In its “Social media use by Donald Trump” report, Wikipedia said: “Over nearly twelve years, Trump tweeted around 57,000 times, including about 8,000 times during the 2016 election campaign and over 25,000 times during his presidency. The White House said the tweets should be considered official statements. When Twitter banned Trump from the platform in January 2021 during the final days of his tenure, his handle @realDonaldTrump had over 88.9 million followers.”

Despite such power and, claims of some Presidents, to be their own foreign ministers and diplomats, the presence of ambassadors on ground is essential, as it is a reflection of how you value a country. So, no matter how the power of E-Diplomacy is stretched, a country without ambassadors is like a void on the diplomatic stage.

The sack of all our ambassadors by each new administration without immediate replacement, as was done by the Buhari and Tinubu administrations, is unwise.

In our present case, the process of picking ambassadors is still on. After this, the nominees are to be screened by the Senate, which presumably would have had the security report on each nominee. It is after clearance the nominees will undergo some induction course.

Then, the receiving country would decide whether to receive the new ambassador. This is usually a formality, but in some cases, countries reject ambassadors posted to them.

For instance, in April 1984, the United States rejected the nomination of Nicaraguan lawyer and Deputy Foreign Minister, Nora Astorga, as ambassador. She had played a prominent role in the revolution which toppled pro-American President Anastasio Somoza. However, Nicaragua ensured Ms Astorga was a prominent face in the US by appointing her Nicaraguan Permanent Representative to the United Nations in New York.

Thirty eight years later, Nicaragua had some form of pay-back. In 2022, Ambassador Hugo Rodriguez, who was confirmed by the US Senate as Ambassador to Nicaragua, was refused entry. This, according to Nicaraguan Vice President Rosario Murillo, was due to his “interfering” attitude.

To be accepted by the receiving country does not mean the ambassador starts work immediately, because he still has to present his Letter of Credence to the President of the host country. During the Buhari administration, it was not unusual for ambassadors to wait for months before being invited to present their letters.

So, as it is, Nigeria may not have ambassadors in any part of the world in the next six months. This would mean that under the Tinubu administration, we may not have ambassadors for at least one quarter of its four-year tenure.

Beyond this is the challenge of politicians who see ambassadorial postings as post-election war booty to be shared. Under Buhari, they took 60 per cent of the ambassadorial positions, leaving 40 per cent to be filled by career ambassadors.

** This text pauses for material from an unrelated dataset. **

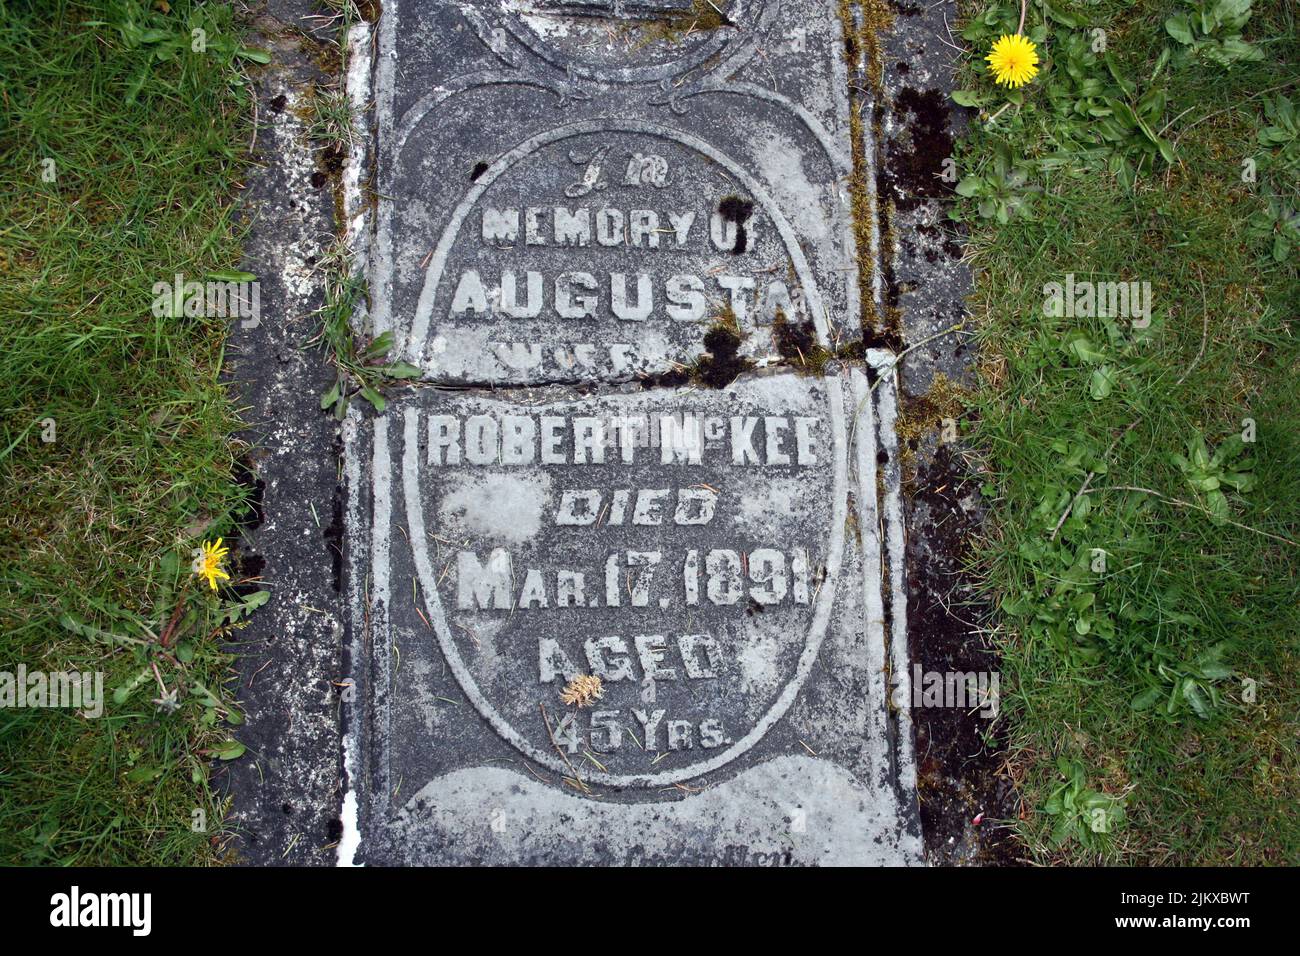 An Old tombstone in cemetery for memory of Robert McKee in Langley, British Columbia, Canada Stock Photo

In my 18 December 2023 column titled: “Tinubu, appoint diplomats, not politicians to run our Missions,” I had appealed to the President to reverse this unhealthy culture. I had argued that it is better for the country to appoint career ambassadors because they are people who spend their entire career in the Foreign Ministry and therefore understand the basics of diplomacy. This is in contrast to political nominees who, in the world of diplomacy, are essentially birds of passage.

I had received encouraging nods and thought that this culture would be reversed. But now, the feelers I am getting of a push for 65 per cent of the ambassadorial positions going to non-career diplomats, is not encouraging. I hope for the sake of our country, this will be reversed.

One more suggestion. We need to return to the General Murtala Mohammed era when the populace took part in foreign affairs through mass bodies like those of students and genuine civil society organisations.

It was that momentum that defined our principled recognition of the MPLA in Angola, FRELIMO in Mozambique, the African National Congress (ANC), and the Pan African Congress (PAC) in South Africa. It was that mass participation that led to workers contributing part of their monthly salaries into an anti-Apartheid fund for the total liberation of the African continent.